- Genre: Music festival
- Dates: 2022: 8–13 April (exact dates vary each year)
- Location(s): Edinburgh
- Country: Scotland, United Kingdom
- Years active: 1982 - present
- Founded: 1982; 43 years ago
- Sponsor: The Clarsach Society
- Website: https://www.harpfestival.co.uk/

= Edinburgh International Harp Festival =

Annual harp festival

The Edinburgh International Harp Festival is an annual harp festival held in Edinburgh, Scotland that includes concerts, workshops, and courses, as well as one of the world's largest exhibitions of harp-makers. Organized and promoted by The Clarsach Society, two staff members, and a team of volunteers, the festival is held in April of each year and attracts more than 500 harpists from more than 25 countries.

==History and origins==
Pilgrim Harps held the first iteration of the festival, then called the Celtic Harp Festival, in 1982 to coincide with the now-defunct Edinburgh Folk Festival. After two years, the quick growth of what had become the Edinburgh Harp Festival necessitated additional funds and assistance to run it, and Pilgrim Harps continued to support the festival but handed the reins over to the Edinburgh branch of The Clarsach Society. In 1991, the Edinburgh branch in turn handed the festival over to their parent body, The Clarsach Society. The festival has been held every year since its founding, but was held virtually in 2020 and 2021 because of the COVID-19 pandemic.
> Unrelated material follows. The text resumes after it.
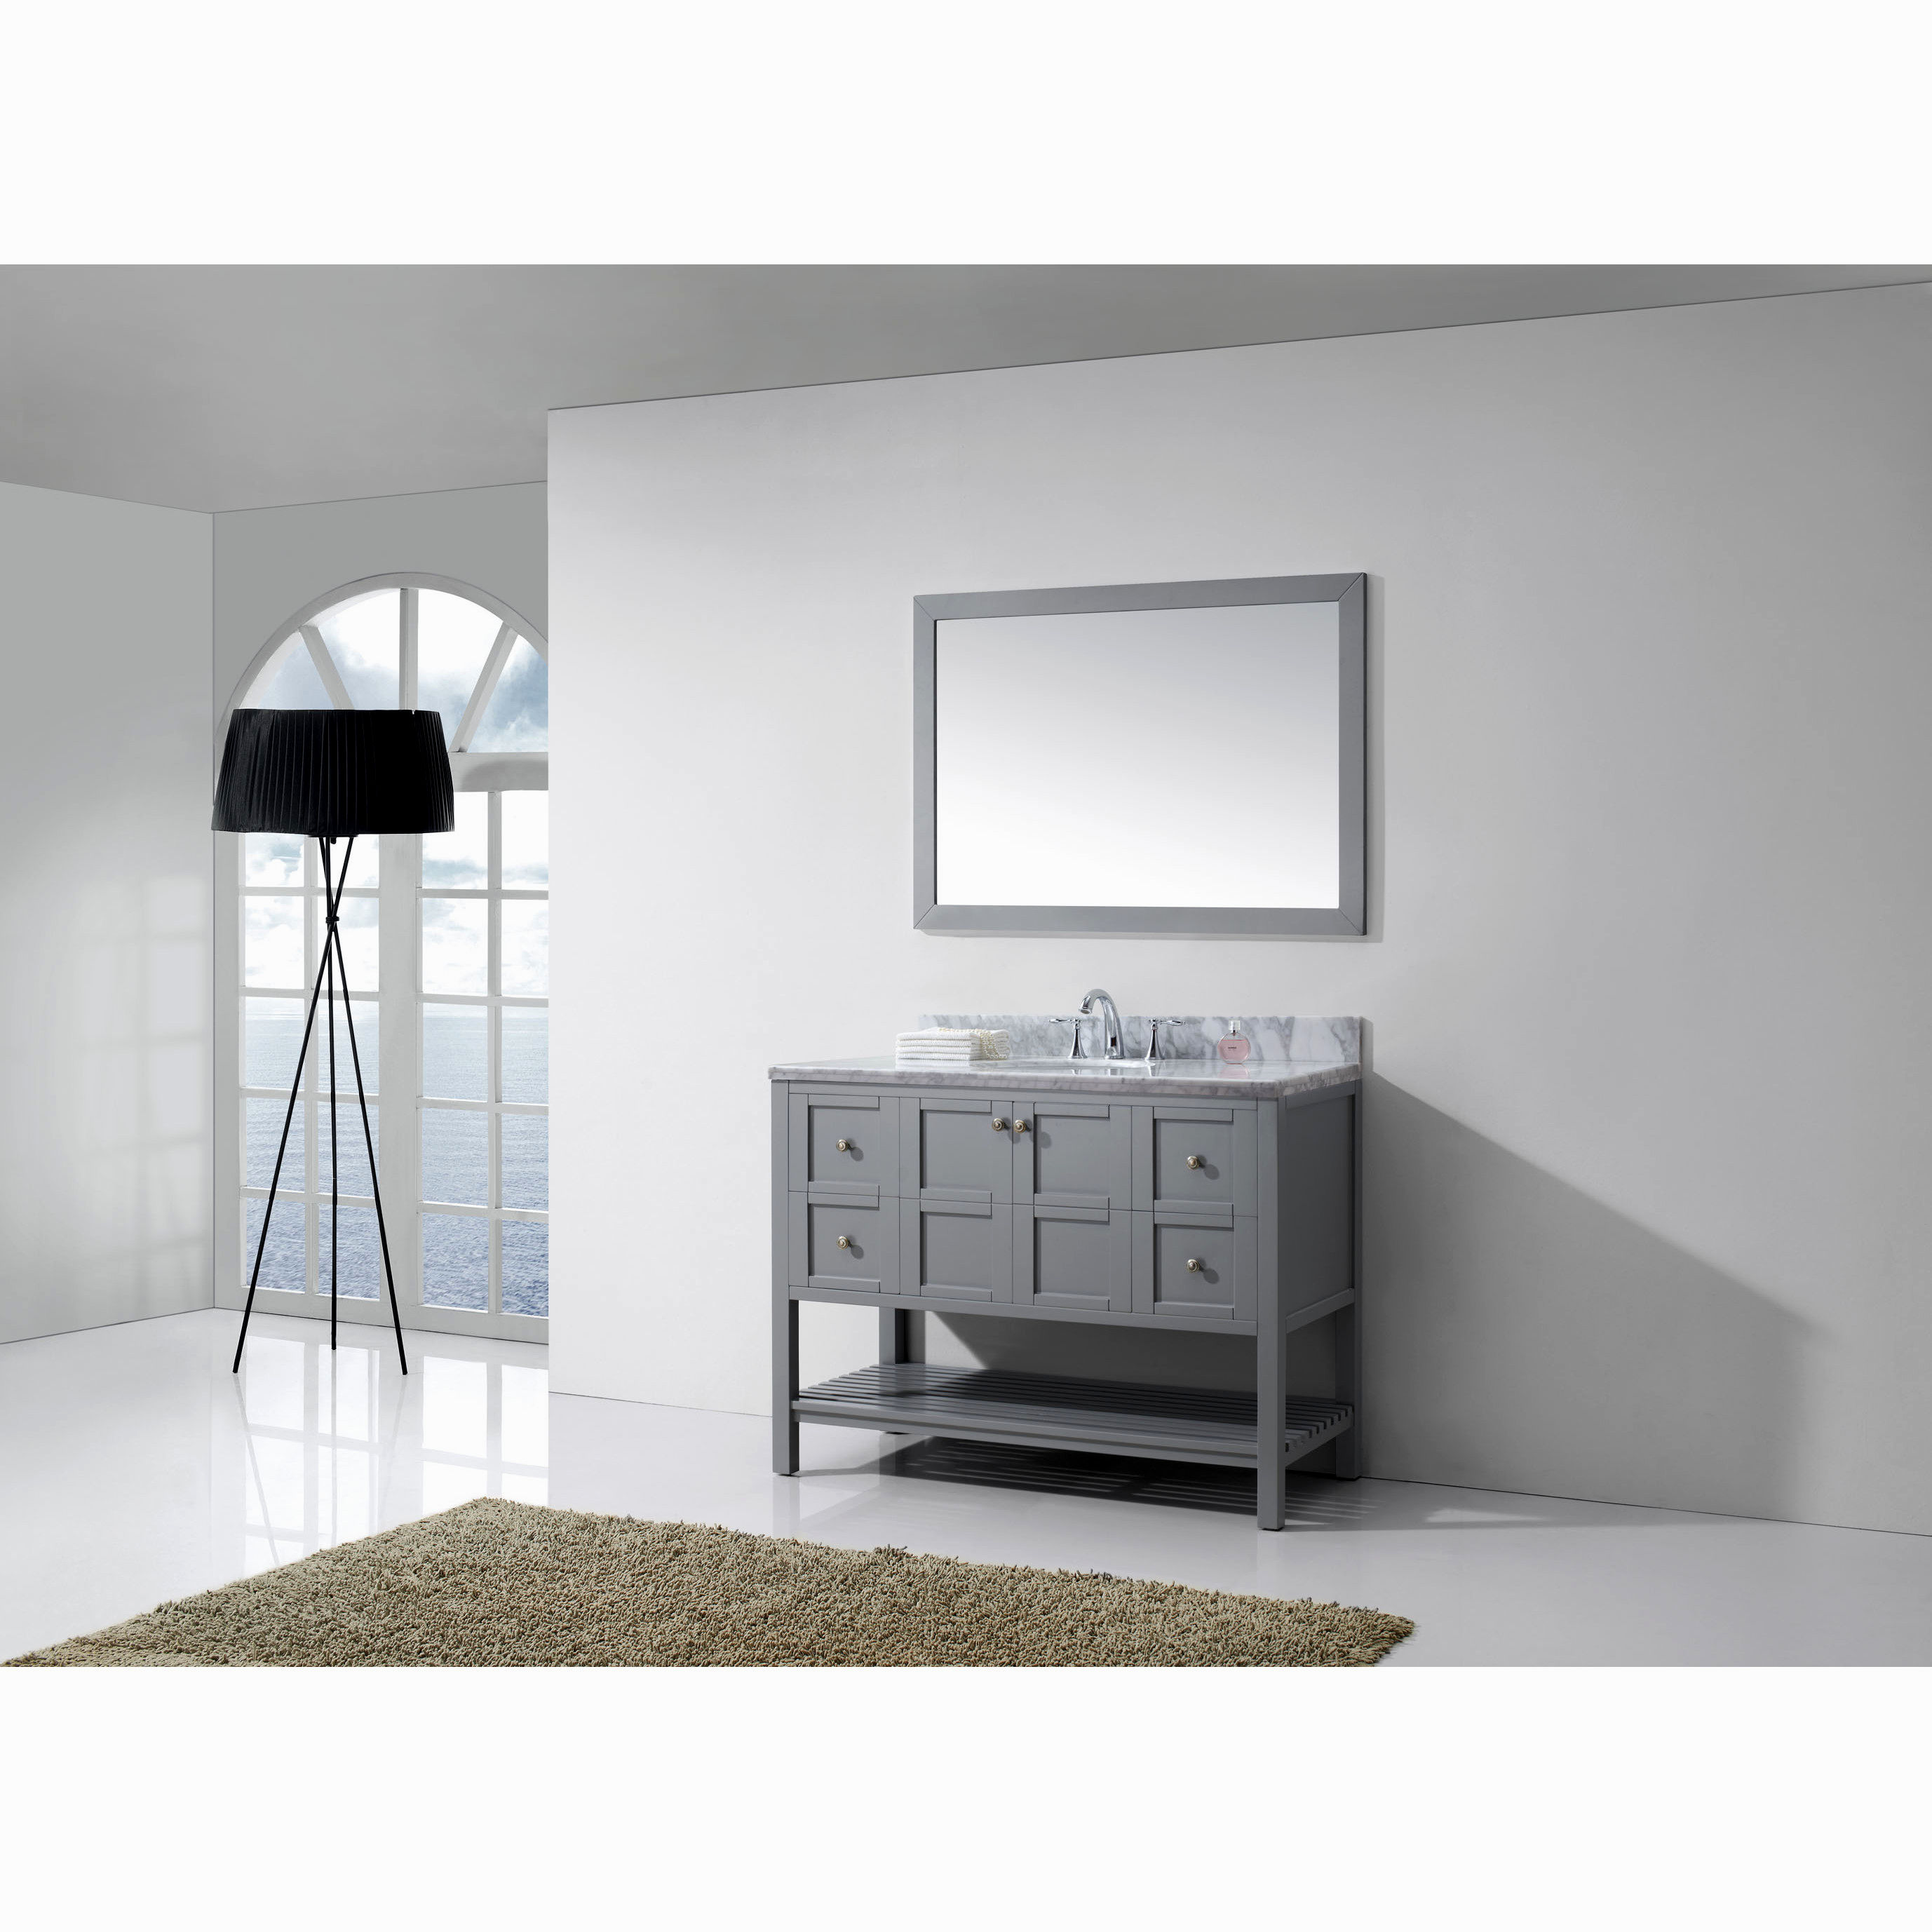 kitchen bathroom pics trend u by wayfair depth for style barn unbelievable image narrow and mckenna trends decoration bertch vanities cabinet pottery vanity

In 2022, the festival will return in a hybrid format, offering both virtual and in-person events, and move after 20 years in its old location at Merchiston Castle School to George Watson's College.

In 2002, the festival changed its name to the Edinburgh International Harp Festival to recognize the increasing numbers of international performers and participants drawn to the event.
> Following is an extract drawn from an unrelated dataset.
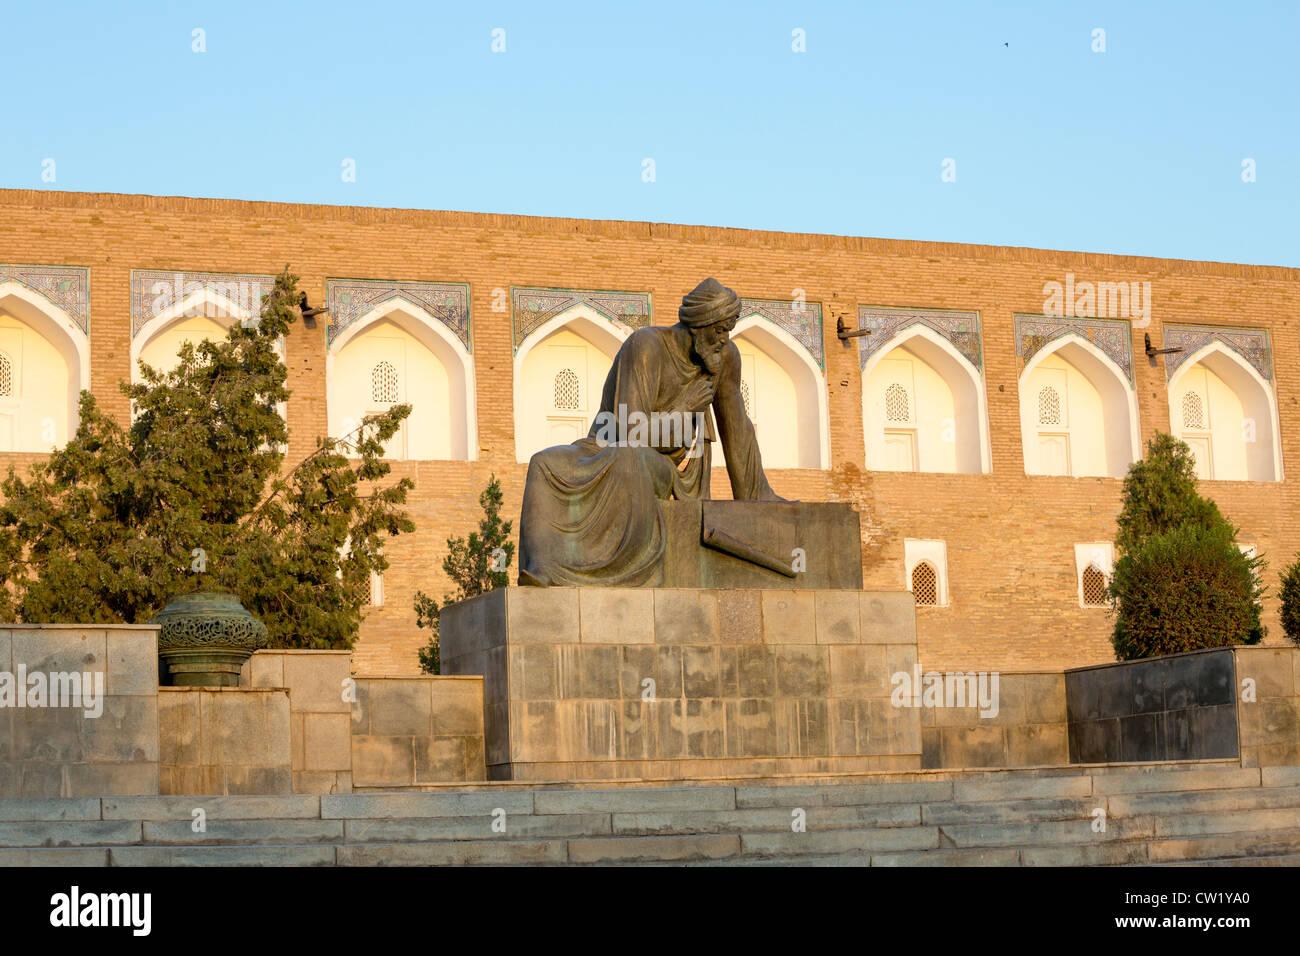 statue of the mathematician al-Khwarizmi, Khiva, Uxbekistan - Stock Image

In 2006, the festival set what was then the Guinness World Record for "largest harp ensemble" by having a group of 201 harpists play together.

==People==

===Performers and teachers===
Selected performers and teachers from recent festivals include:

- 2018: Nikolaz Cadoret, Gabriella Dall'Ollio, Sarah Deere-Jones, Maeve Gilchrist, Rachel Hair and Ruth Keggin, Ismael Ledesma, Catriona McKay and Chris Stout, Rachel Newton, Ailie Robertson, and Park Stickney
- 2019: Moussa Cissokho, Sixto and Juanjo Corbalan, Helen Davies, Elinor Evans, Gráinne Hambly, William Jackson, Delyth and Angharad Jenkins, Eira Lynn Jones, Mary Ann Kennedy, Rachel Newton, The Poozies, Pippa Reid–Foster, Rodrigo Romani, Freya Thomsen, and Twelfth Day
- 2020: Tom Daun, Cormac de Barra of the Moya Brennan Band, Anne Denholm, Ben Creighton Griffiths, Corrina Hewat, and Lily Neill
- 2021: Sixto and Juanjo Corbalan, Maeve Gilchrist, Rachel Hair and Ron Jappy, Ingrid Henderson and Iain Macfarlane, Maggie MacInnes, Corrina Hewat, Eira Lynn Jones and Anne Denholm, Laoise Kelly, Llio Rhydderch, Ailie Robertson, Adriano Sangineto, Sìleas, Park Stickney, Esther Swift, and Tarab Trio

===Festival organizers===
As of 2021, festival organizers include Mary Scott (Festival Co-ordinator), Isobel Mieras MBE (Artistic Advisor), Patsy Seddon (Artistic Advisor), Mary Macmaster (Stage Management), and Rachel Hair (Press and Media).

==Regular features==
Each year, the festival includes three main elements:
- Concerts - Concerts feature performances by harpists alone, in groups, or with other instruments. The 2019 festival featured 10 concerts.
- Workshops and courses - These are opportunities for child and adult harp students to take classes (either with their harps, or with paper and pen) during the festival. Workshops consist of one single meeting while courses take place over two or three days. The 2018 and 2019 festival each included 62 workshops and courses.
- Harpmakers exhibition - The exhibition offers attendees an opportunity to view and test out harps from different harp makers.

In recent years, the festival has often included performances of pieces newly commissioned by the festival as well as performances by young, up-and-coming harp players and groups of school-aged harpists. Festival Artistic Advisor Isobel Mieras has stated that one of the festival's goals is to "encourage young talent" in addition to showcasing established musicians.

==Reviews and media coverage==

In 2018, The Edinburgh Reporter described that year's festival lineup as putting "Edinburgh at the centre of world class harping."